Further, Shardlake's worldview evolves and matures throughout the series as he reevaluates what he stands for and learns from his mistakes. When we first meet him in Dissolution, he is a keen reformer in the service of
Thomas Cromwell, investigating a murder at a monastery in the process of being dissolved as Catholicism was gradually being outlawed. What he experiences over the course of that novel shakes his religious views to the core, leaving this once staunch religious radical no longer sure what he believes. By the third book in the series, he is becoming what would now be termed agnostic, struggling with his growing ambivalence about organised religion and unsure of his belief in God, dangerous beliefs to hold when one could be executed for voicing them. The novels increase in length as the series proceeds, but they rarely drag and I found that a couple of evenings turned into mornings as I could not put them down and go to sleep.

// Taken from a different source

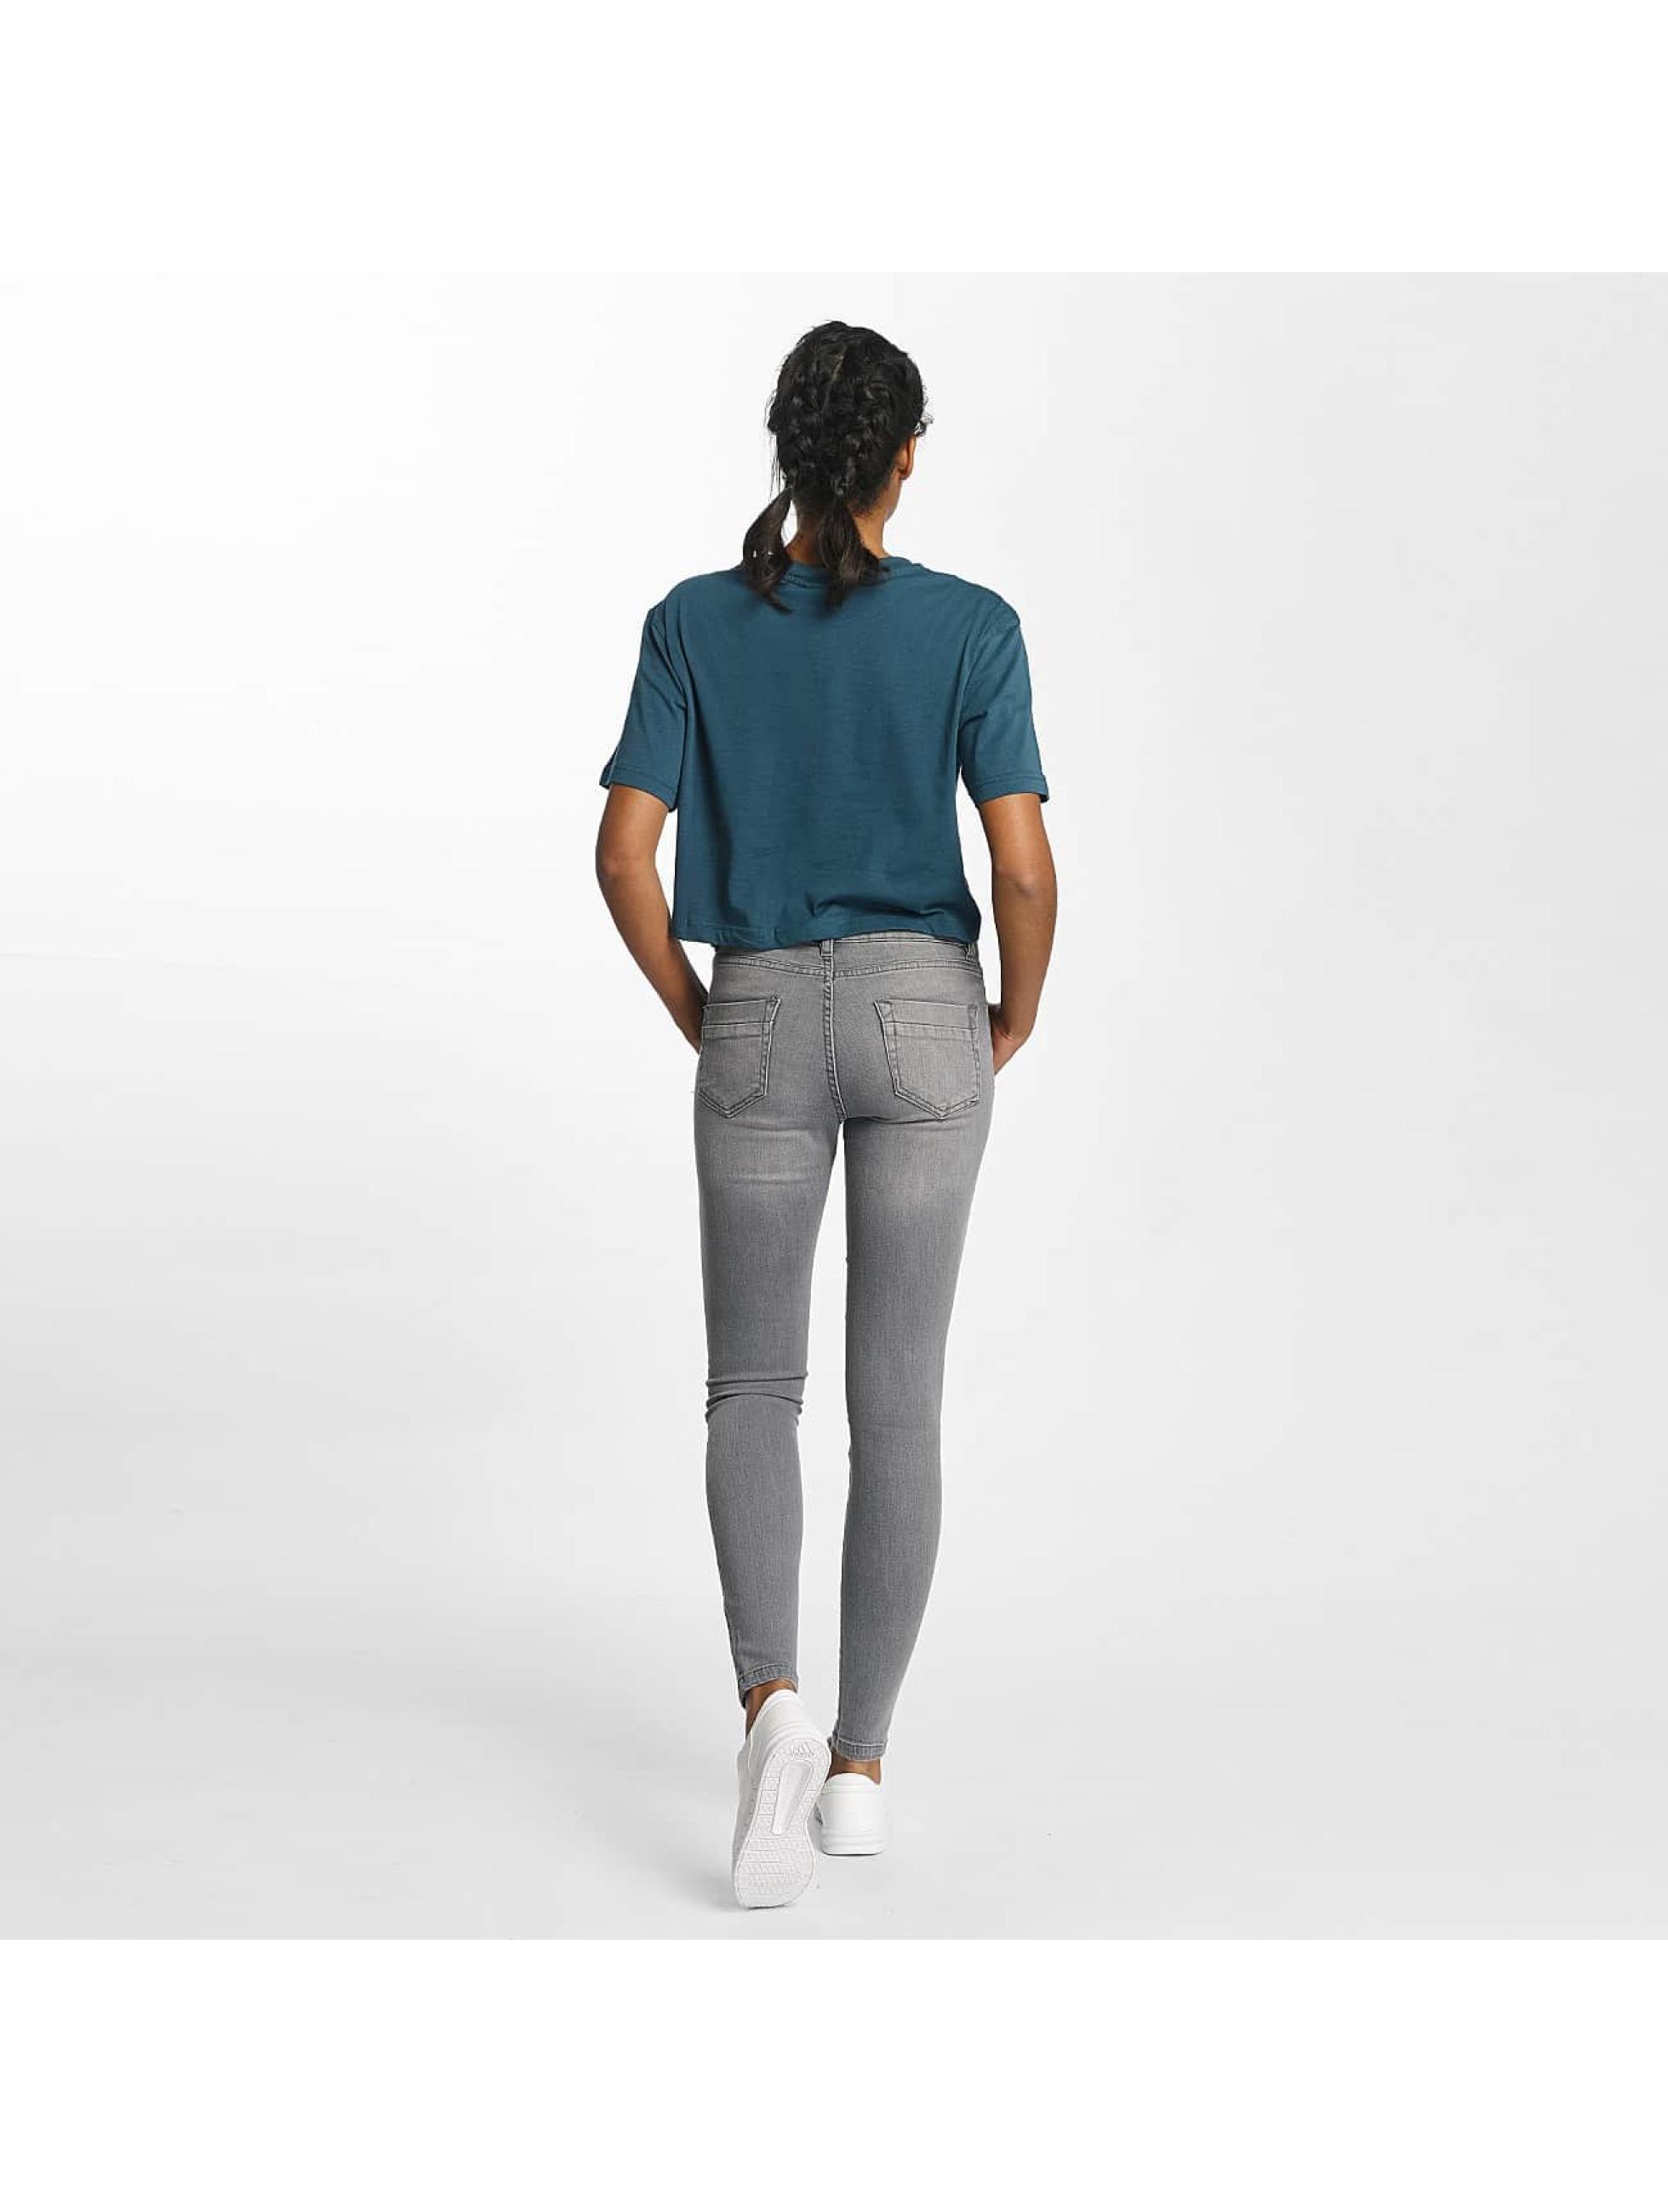 Urban Classics T-Shirt Ladies Oversized turquoise

Five Tower Ravens out of five for the series as it stands so far. With the fifth and most recent book ending approximately six months before Henry VIII's death, I imagine it will continue into the reigns of Edward VI and of course Elizabeth I. I certainly hope so.
While I eagerly await the next installation, I've picked up a used copy of
Wolf Hall by Hilary Mantel and
Peter Ackroyd's Life of Thomas More, in keeping with the theme.